The full listing, excluding its pictures, should be printed exactly as it stands.

• Available data
----
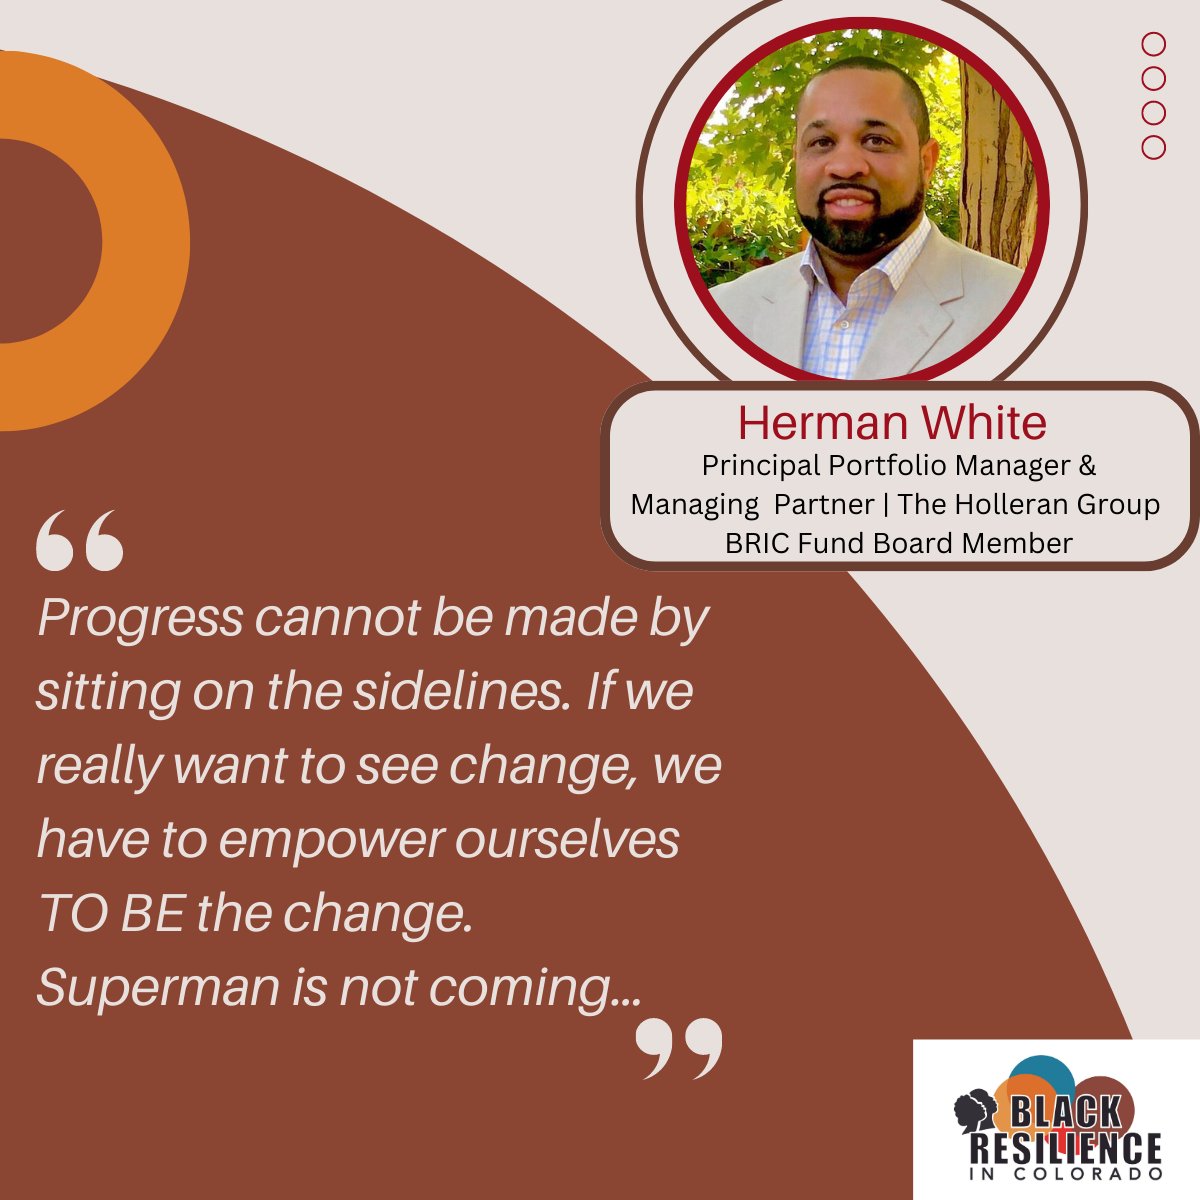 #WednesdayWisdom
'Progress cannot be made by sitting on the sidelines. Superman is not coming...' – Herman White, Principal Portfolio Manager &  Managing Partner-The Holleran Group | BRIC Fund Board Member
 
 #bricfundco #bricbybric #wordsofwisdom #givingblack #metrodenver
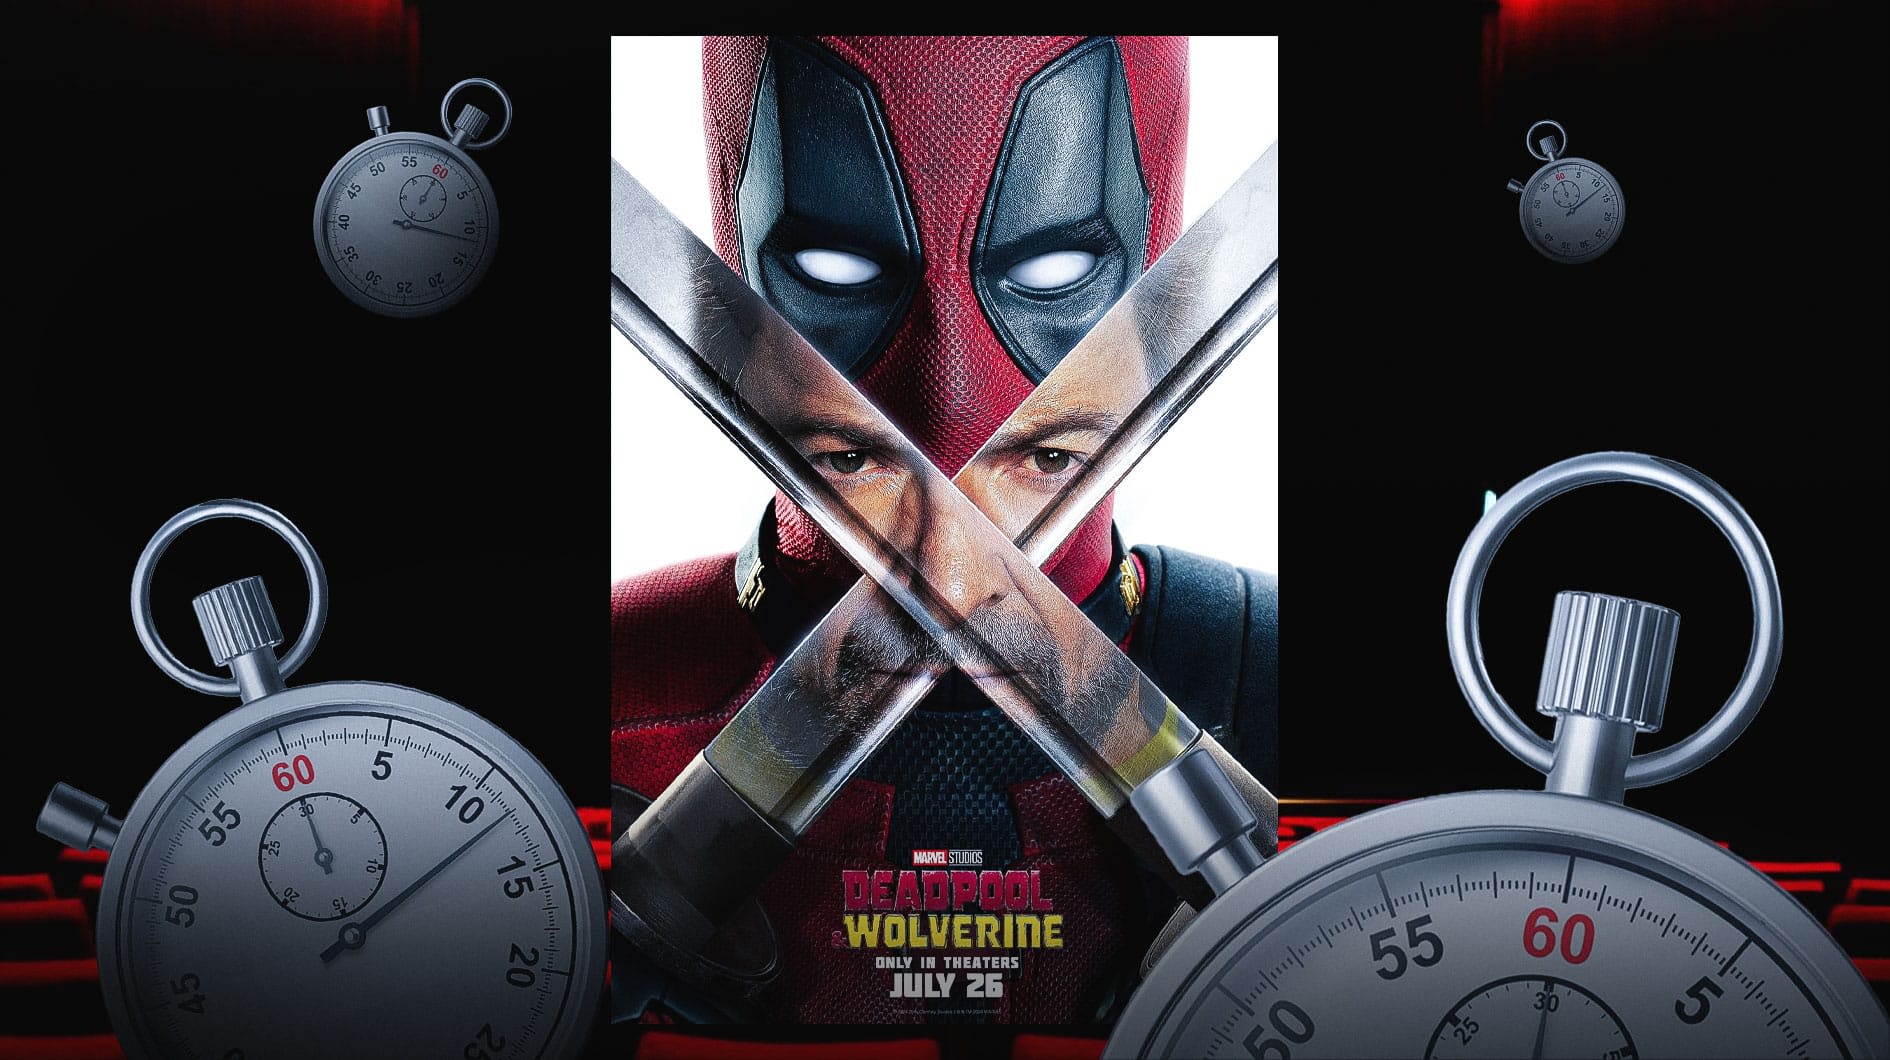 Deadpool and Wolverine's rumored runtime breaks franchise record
----
• Exercise response
 #WednesdayWisdom
'Progress cannot be made by sitting on the sidelines. Superman is not coming...' – Herman White, Principal Portfolio Manager &  Managing Partner-The Holleran Group | BRIC Fund Board Member
 
 #bricfundco #bricbybric #wordsofwisdom #givingblack #metrodenver
 Deadpool and Wolverine's rumored runtime breaks franchise record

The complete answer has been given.